Heartbleed, Poodle, Shellshock packaged in Docker repos

May 28, 2015 10:59 GMT  ·  By

System administrators and developers relying on container images shared on Docker Hub run the risk of deploying packages that contain severe vulnerabilities like Heartbleed, Poodle or the Shellshock bug for Bash command interpreter.

Docker is a lightweight container virtualization platform that allows applications written in any language to be executed in any environment, from OS X and Windows to servers in the cloud or virtual machines.

This is achieved by packaging apps in containers that include all the necessary resources for the program to run. Containers are created from a read-only image with information about its content, the processes to be executed at launch and configuration data.

A third of the analyzed images represent a high security risk

Recently launched BanyanOps, a company in the business of software container virtualization, analyzed a total of 962 images on Docker Hub and found that over 30% of those in official repositories “are highly susceptible to a variety of security attacks (e.g., Shellshock, Heartbleed, Poodle, etc.).”

Images in official repositories (about 75) are curated by a dedicated team that collaborates with upstream software maintainers and security experts. Some of them recorded hundreds of thousands of downloads.

The list of software vendors and organizations pushing official container images includes big names like Canonical, Debian and Redhat.

However, Docker users can push images themselves that are not scrutinized by any authority, and in these cases BanyanOps found that buggy packages were present in about 40% of them.

For images that are marked as being the most recent, percentage of them containing high-severity vulnerabilities is 23, while medium risk ones account for 47%.

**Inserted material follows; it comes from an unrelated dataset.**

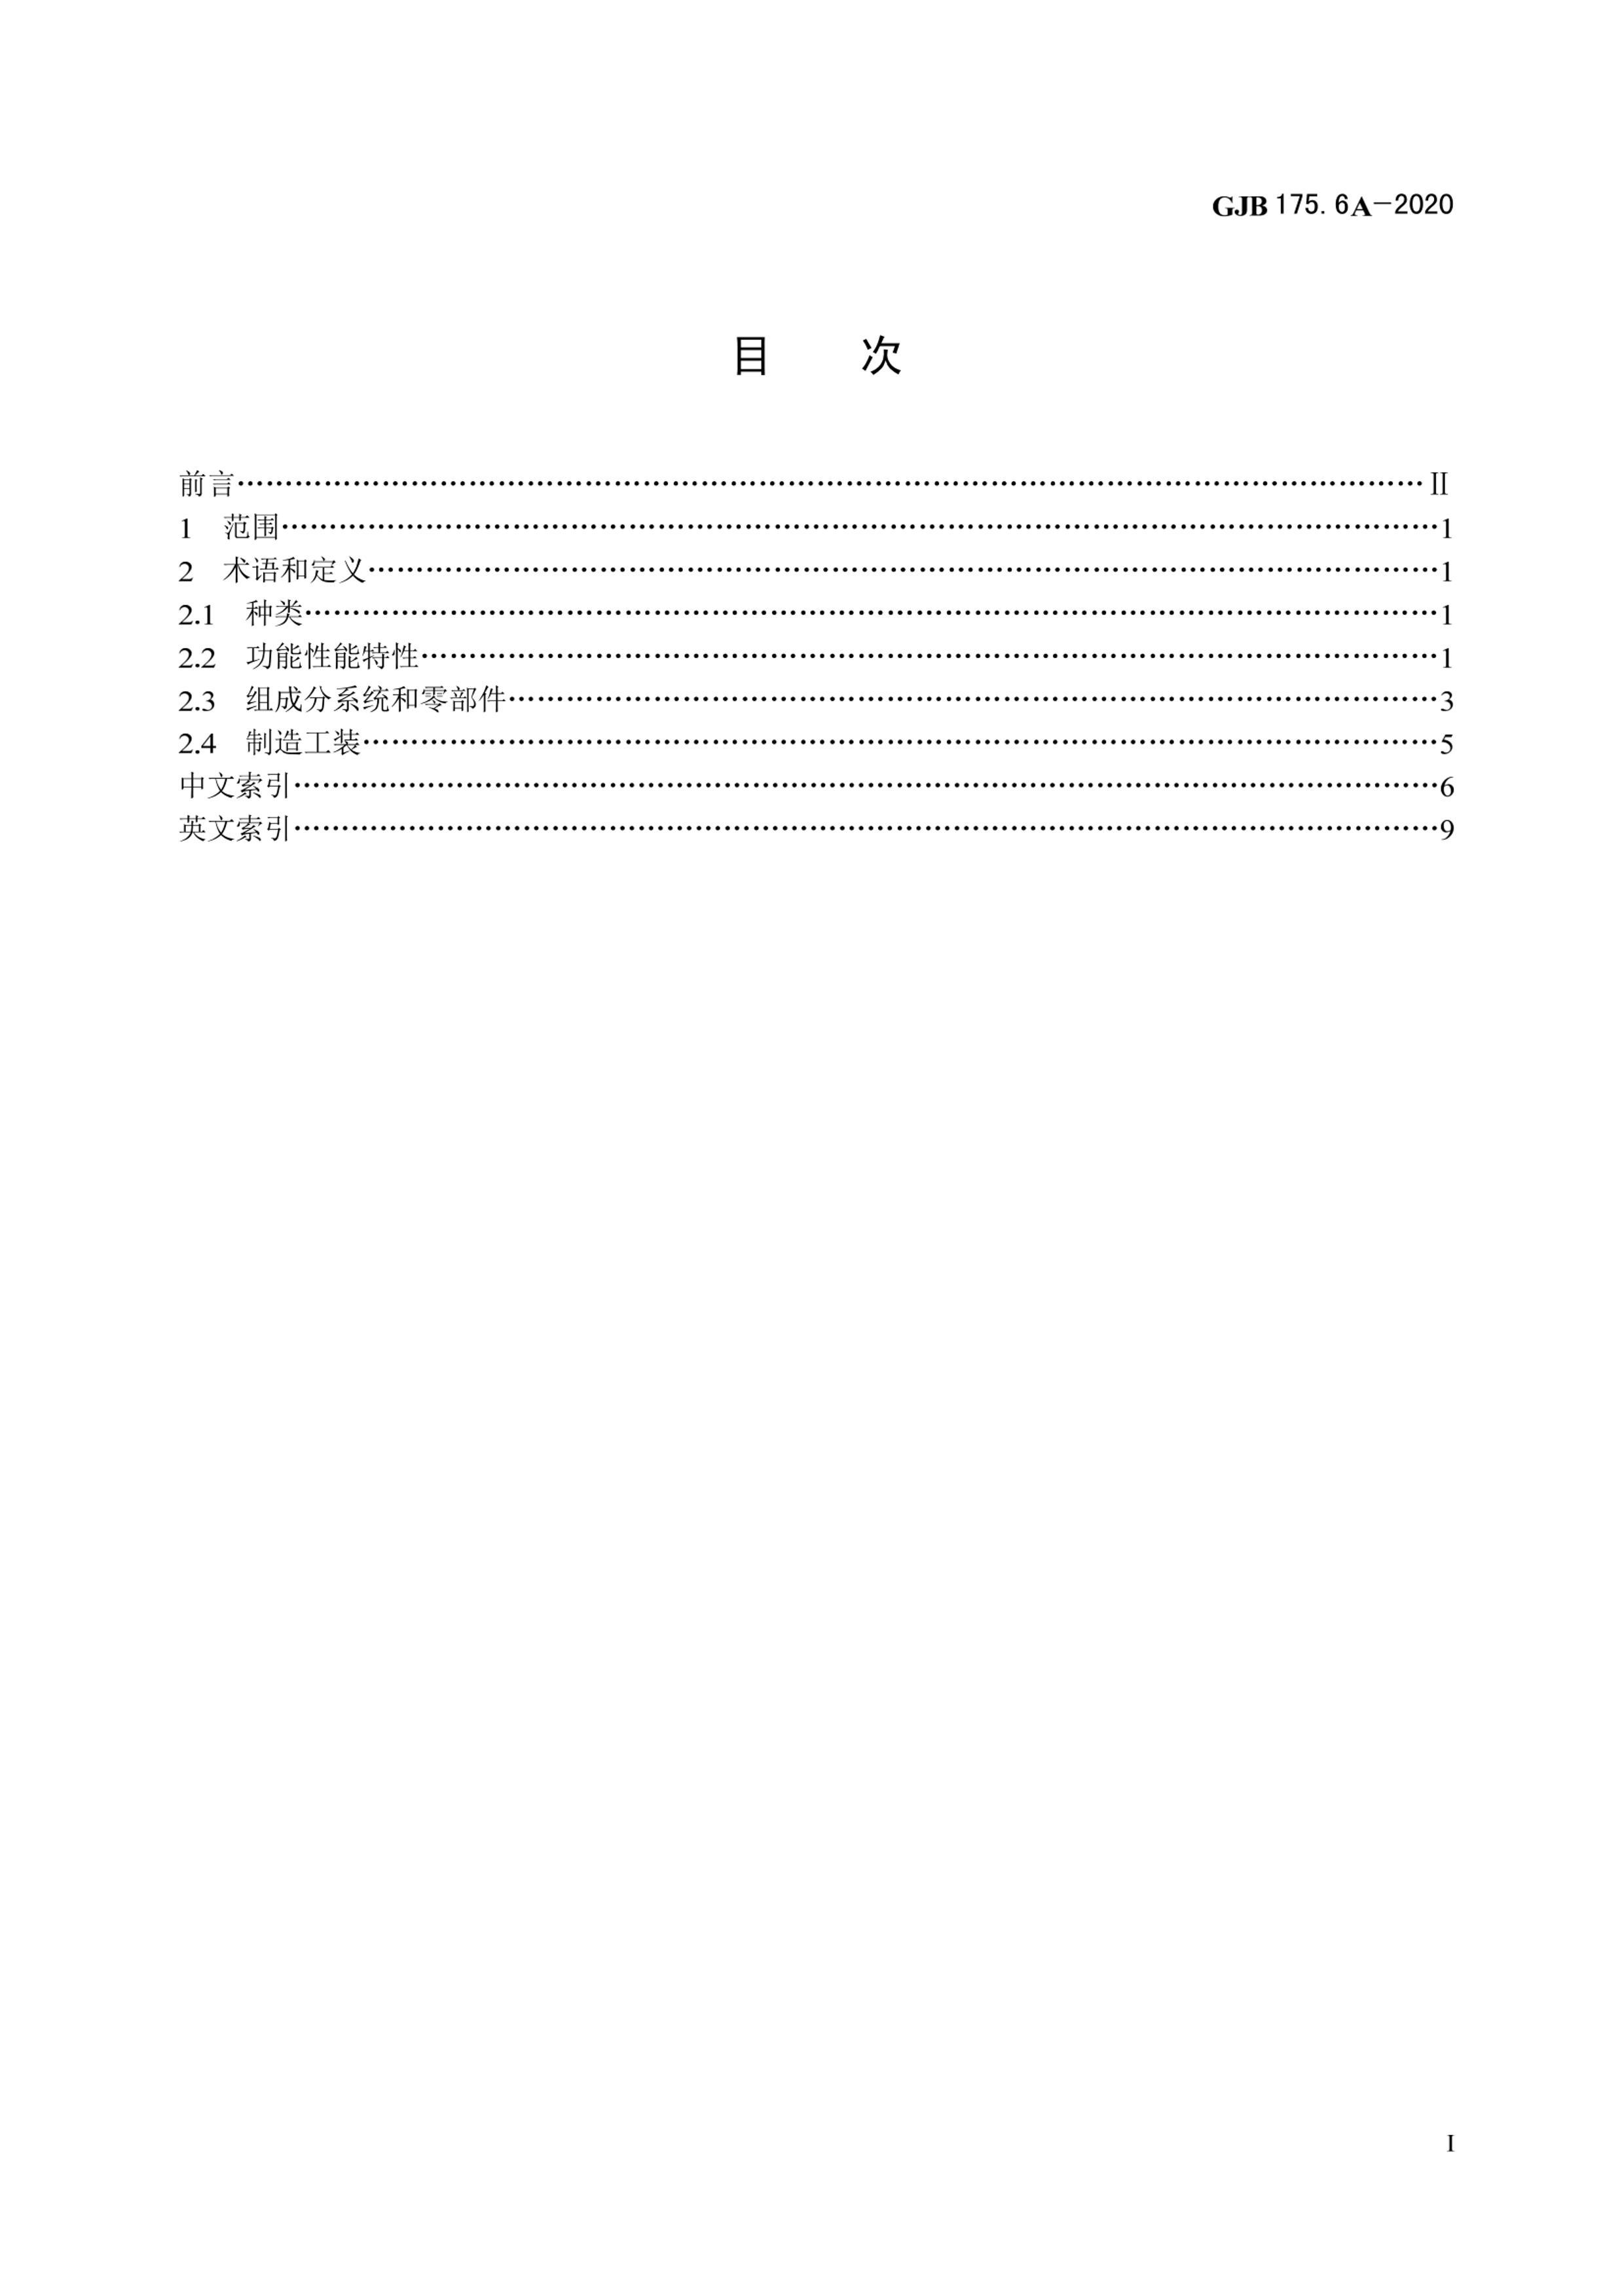 GJB 175.6A-2020.pdf2ҳ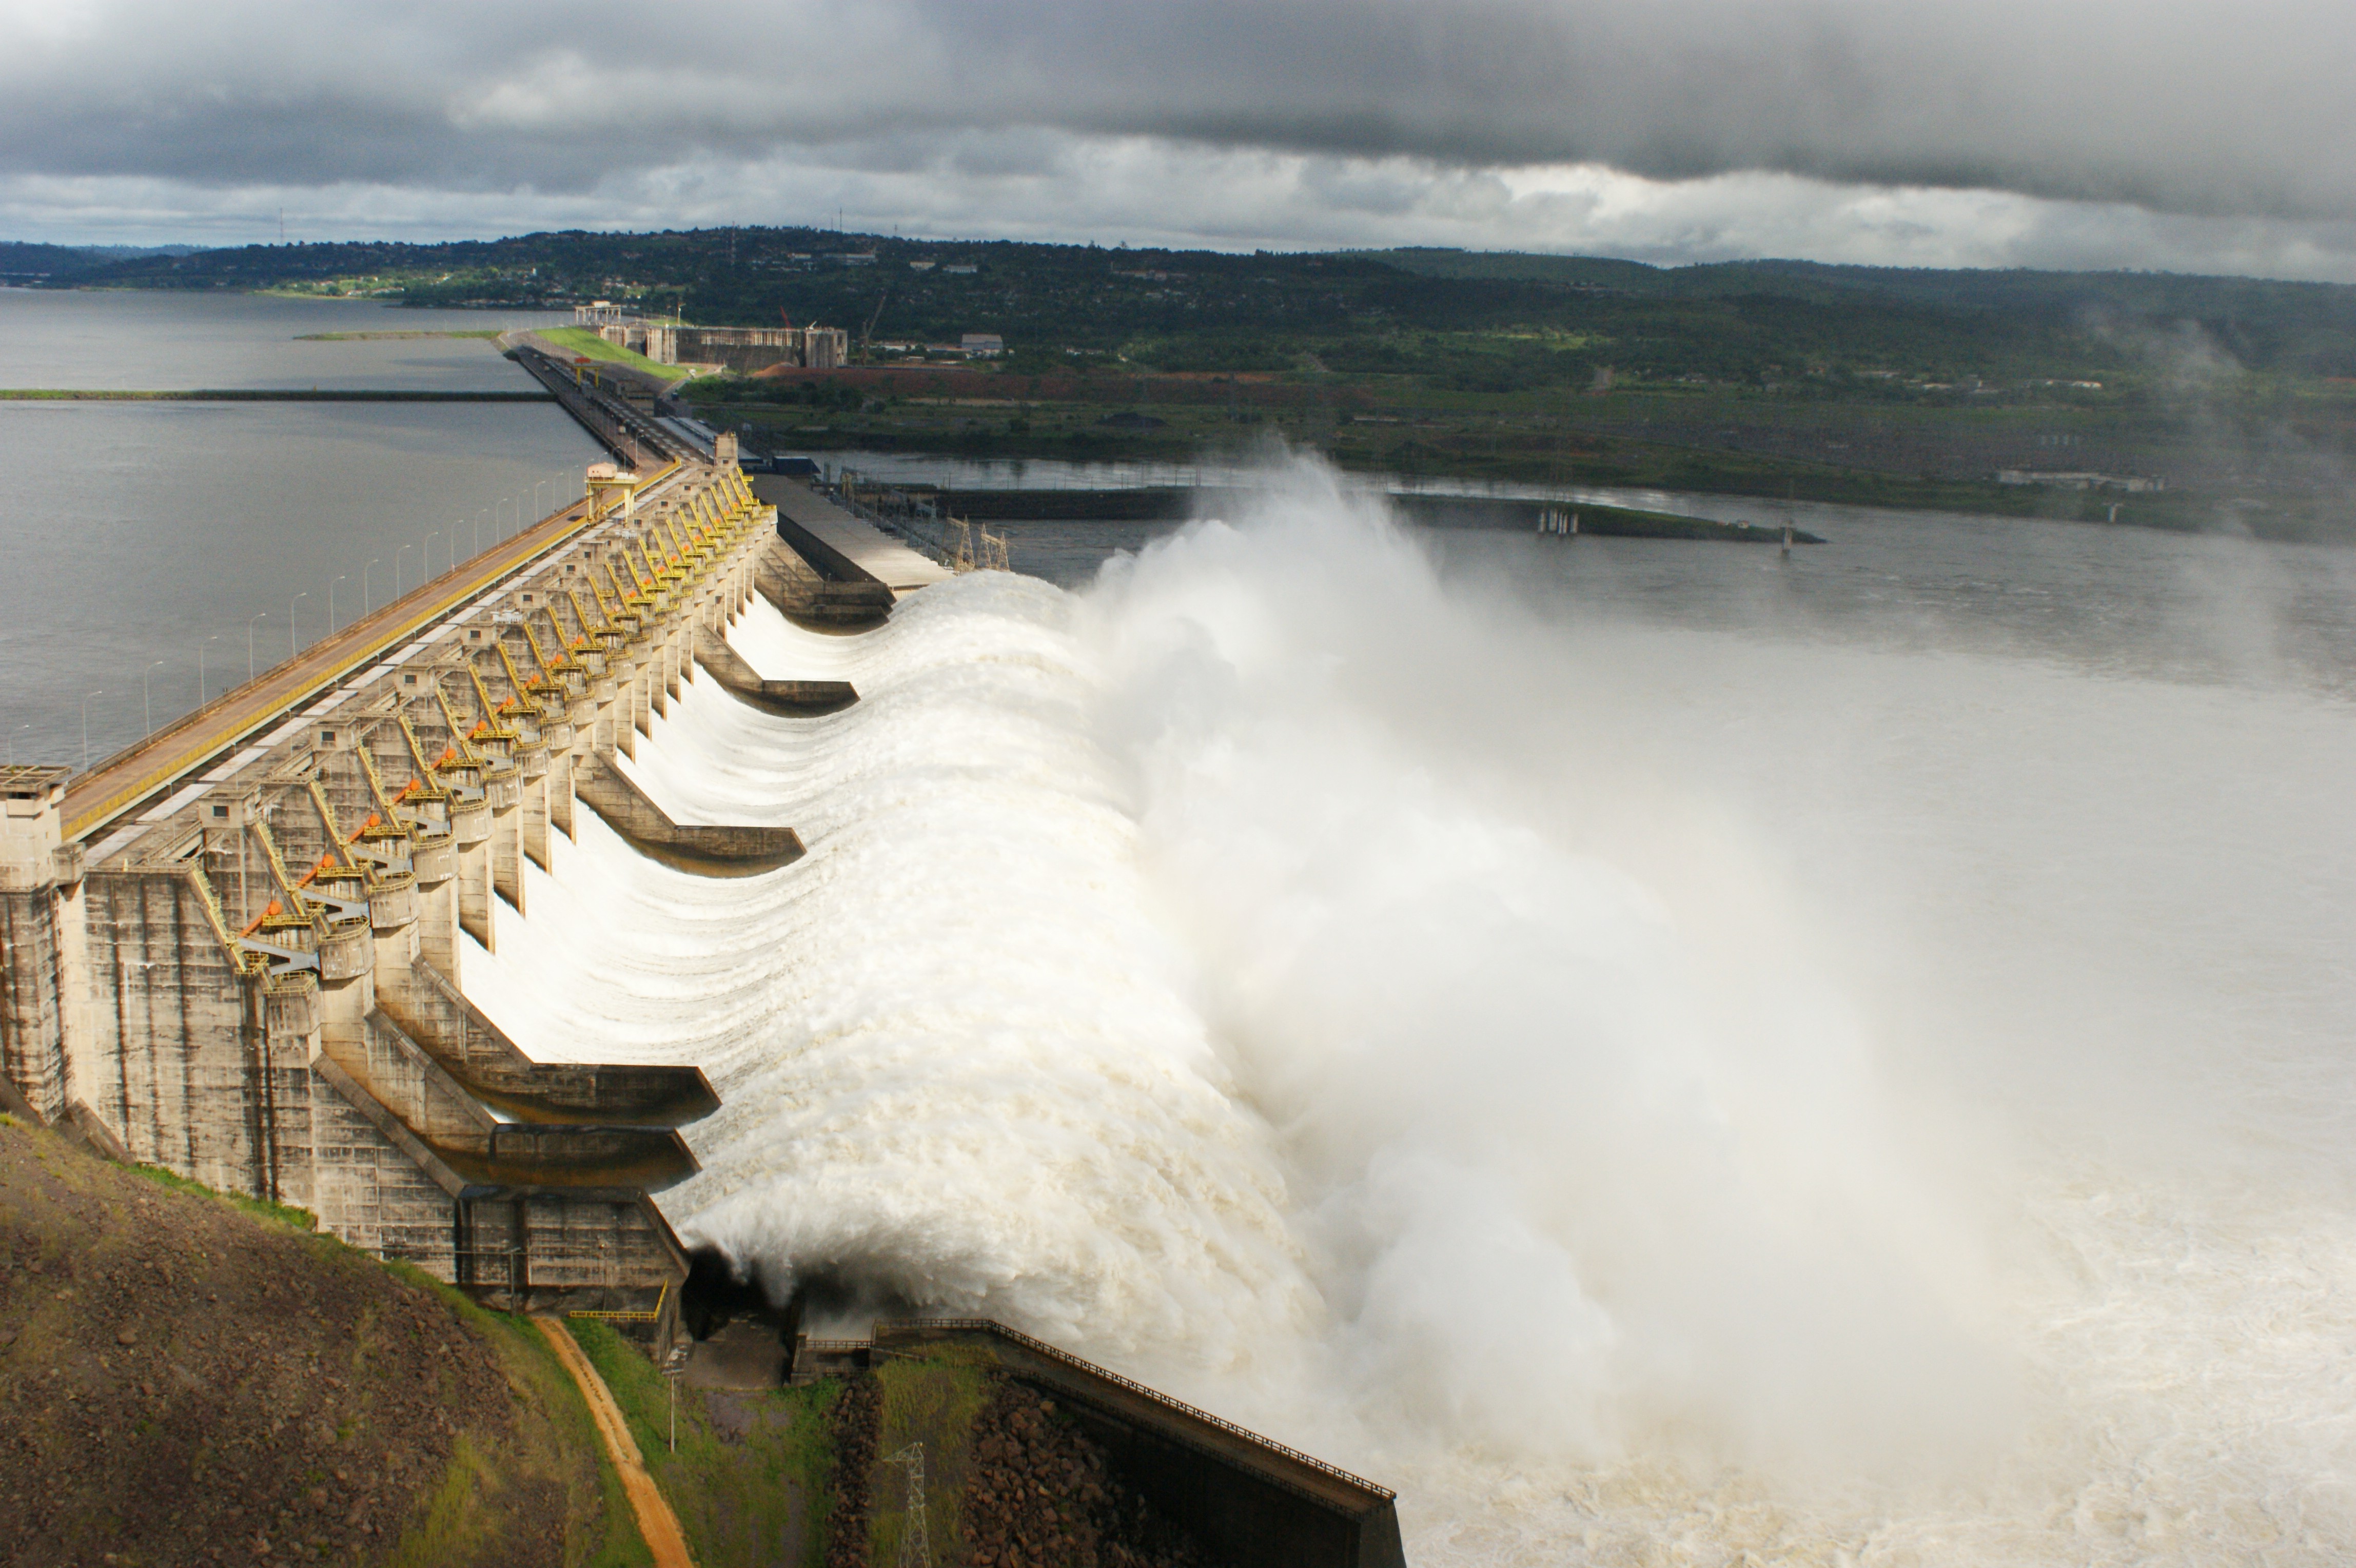 Какие гэс в россии самые крупные. Тукуруи ГЭС. Тукуруи Бразилия. Саяно-Шушенская ГЭС. Гидроэлектрические станции (ГЭС).

Better vulnerability scans and management framework is needed

“Although the analysis was performed on the public Docker Hub registry, we expect that the results are very relevant to enterprises that use private registries. Enterprises typically deploy containers continuously based on golden images that are periodically updated to have the latest packages,” BanyanOps says.

The top three packages with important security risks, included in the official images, are Mercurial, the libtasn1-3 ASN library, and OpenSSL. In the case of unofficial images, the vulnerable packages are Bash, APT and OpenSSL.

While BanyanOps acknowledges the security benefits of software containers, it also highlights the need for thorough analysis of the container images for vulnerabilities (both at OS and application level) and mark for rebuild those found to be insecure. With major security flaws, a more drastic approach is proposed, that of immediate quarantine.